On Friday evening (Saturday morning for Europe), the San Jose data center suddenly stopped responding along with our Redirector service. All of our customers that were using URL records for redirects or attempting to resolve DNS in that area would have seen an outage or very slow lookups. Right about the same time, a Denial of Service attack was in progress causing slow or unresponsive DNS queries on one of our DNS servers in the Europe region. The following post will outline what happened in detail along with how we are responding to help prevent outages like this in the future.
At 2:29 UTC on May 9th, we began receiving alerts from our monitoring system that DNS lookups of dnsimple.com were failing lookup. This alert kept resolving itself and re-triggering, indicating a potential network problem because lookups were failing every so many times. Initially, we were unaware of an attack and assumed it was regional networking issues that needed ot be escalated to our hosting provider.
About 3 minutes later, a separate monitor for our Redirector service suddenly alerted. This is when we were paged again and more DNSimple employees joined chat to observe what was happening with the Redirector service. It was shortly after this alert that we realized none of the systems in the San Jose data center were responding. We alerted our hosting provider who acknowledged the issue at the time and they were already investigating. They had identified a network switch which was suddenly not responding, so none of our servers in the San Jose data center would have internet connectivity. This is also where we had our redirector service hosted at the time, so any customers with URL records were suddenly experiencing outages. Customers who were attempting to query our DNS servers in this region were automatically sent to other regions, increasing response time for lookups.
Minutes into the realization that the entire data center was down, we began to search for alternative redirectors we could use until the servers return to service. Before this outage, we were rebuilding the redirector and zone server services to have at least one in every data center in the event of an outage like this, but we did not have any online at the time. About an hour into the outage is when we attempted to rebuild a redirector since we still did not have an ETA from our hosting provider about the network switch coming back online.
At approximately 4:39 UTC, the network switch had been rebooted and was answering traffic normally. This resolved the monitoring check for the Redirector service and we upgraded the status of the Redirector service to "Monitoring" on our status page. Around this time, we were still seeing the DNS checks in the Amsterdam region continuing to cycle and we contacted our DDoS protection provider, CloudFlare, about the issue. It was then that we had confirmation a Denial of Service attack was in progress in Amsterdam, which was triggering these alerts of lookup failures.
Around 5:13 UTC we stopped receiving alerts from our monitoring system and we got a message from CloudFlare about the issue being resolved and network access was restored to normal service. Roughly 5 hours after this whole issue started, we updated our status page to all systems clear.
Why did it happen?
Our hosting provider later identified the cause of the network switch failure as some packets from our monitoring checks getting stuck in the network switch, causing a slow memory leak. Eventually, this would lead to the network switch running out of memory to be able to process incoming packets leading to the failure we experienced. Unfortunately, this was also the region where our redirector service was currently hosted so when the network switch stopped working, so did the redirector because it was unreachable from the internet. As for the Denial of Service attack, we have not gotten any reason of why it happened, which is sadly par for the course with Denial of Service attacks.

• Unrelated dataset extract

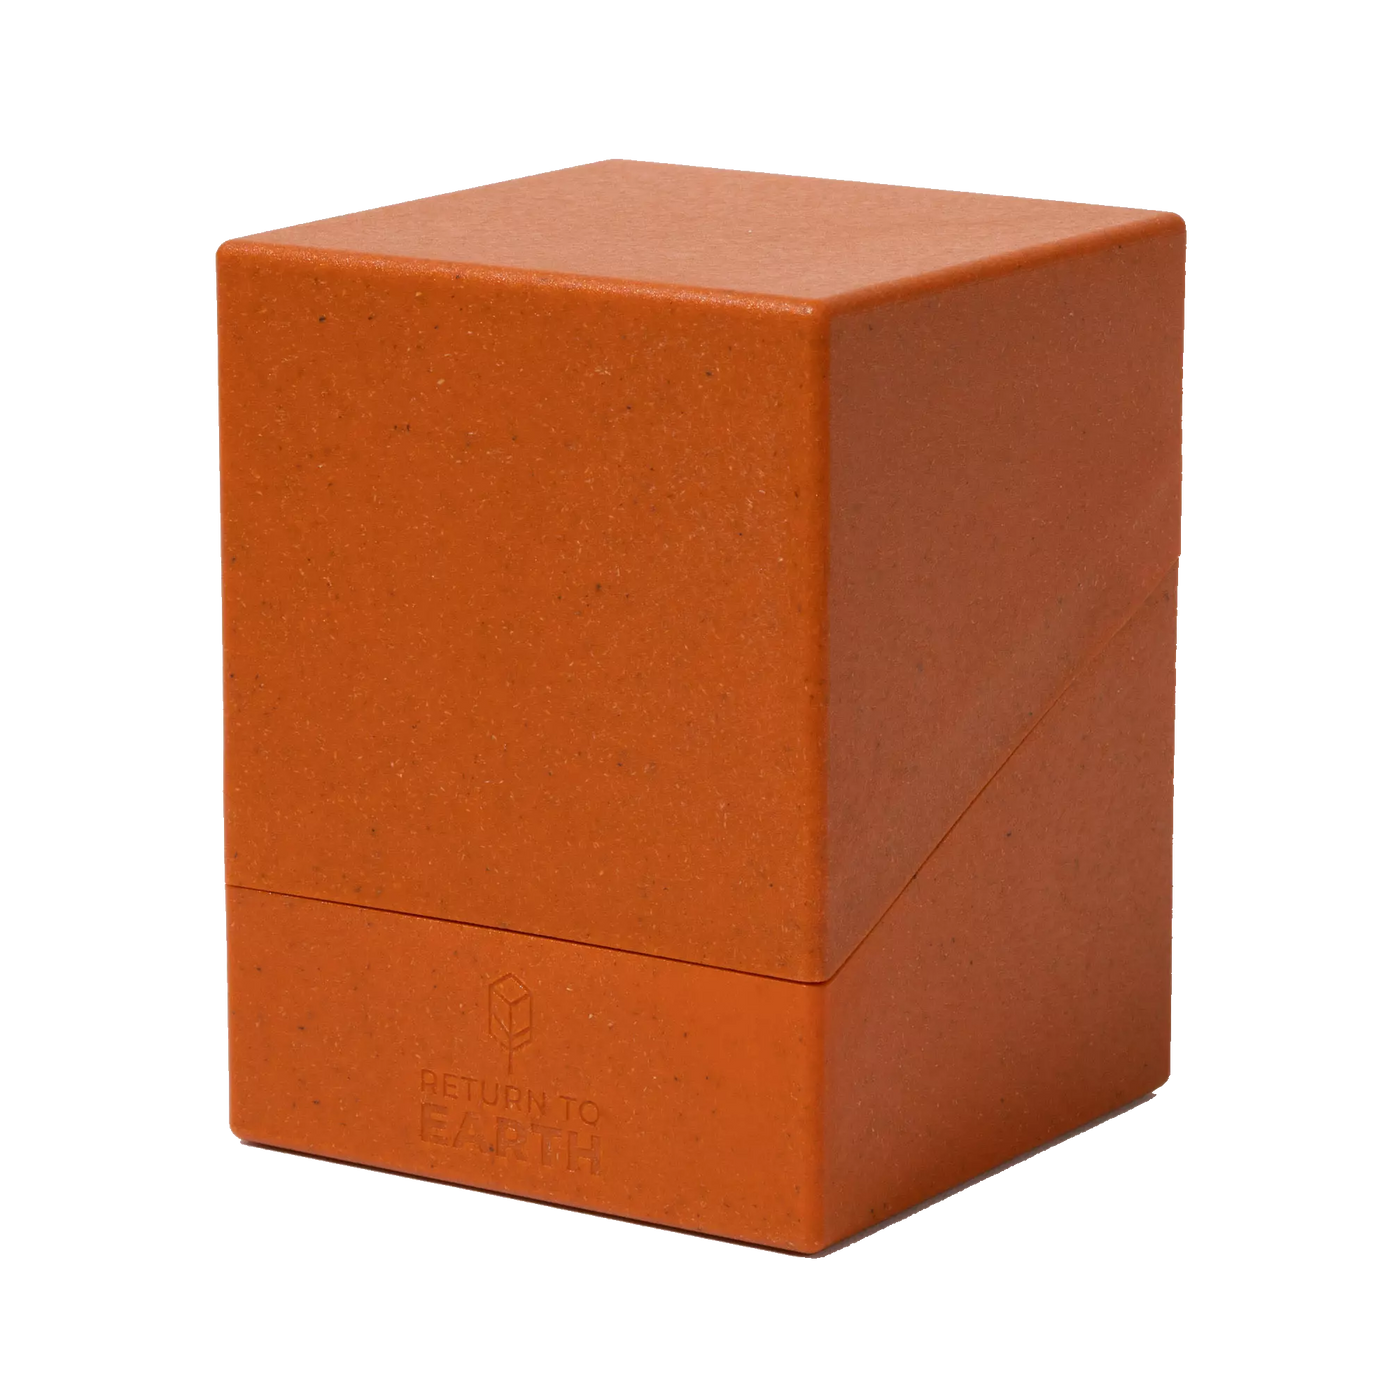 Deck Box Boulder Return to Earth orange

How did we respond and recover?
When it appeared the network issues in San Jose were not going to be resolved easily, we began rebuilding a redirector server in the Ashburn, VA data center as a backup measure. By the time it was ready, the network issue had been resolved by the hosting staff. As for the Denial of Service attack, this was largely the work of CloudFlare and is why we have them for this protection service. Their response to the attack was quick and it was mitigated fairly quickly.
How might we prevent similar issues from occurring again?
Before this outage began, we had already identified this type of situation as a potential disaster scenario. Our plan was and still is to setup every data center we can as a potential disaster fall back in the event this happens. This is something the operations team at DNSimple plans for as a disaster scenario, think "What if this data center falls off the map?". Our hosting provider is also going to be upgrading the software on our network switches to prevent the memory leak issue we mentioned earlier. This will require a little downtime while they upgrade, so please keep an eye on our status page for updates about when we will schedule these outages for the upgrades.
The same goes for our DDoS protection that started to be put in place after our outage in December and for its first realistic test seemed to work better than expected. The network was degraded in performance, but it was not completely down as it was in December. We will be adding this protection to additional name servers worldwide in order to mitigate future attacks.
This type of situation very rarely happens and we did not put disaster recover plans in place fast enough to respond to this outage. For that, we are very sorry the recovery from this situation was not as fast as it should have been. We are already working very hard to prevent this in the future. Please let us know if there is anything we can help you with regarding the use of our service or have any concerns of your own.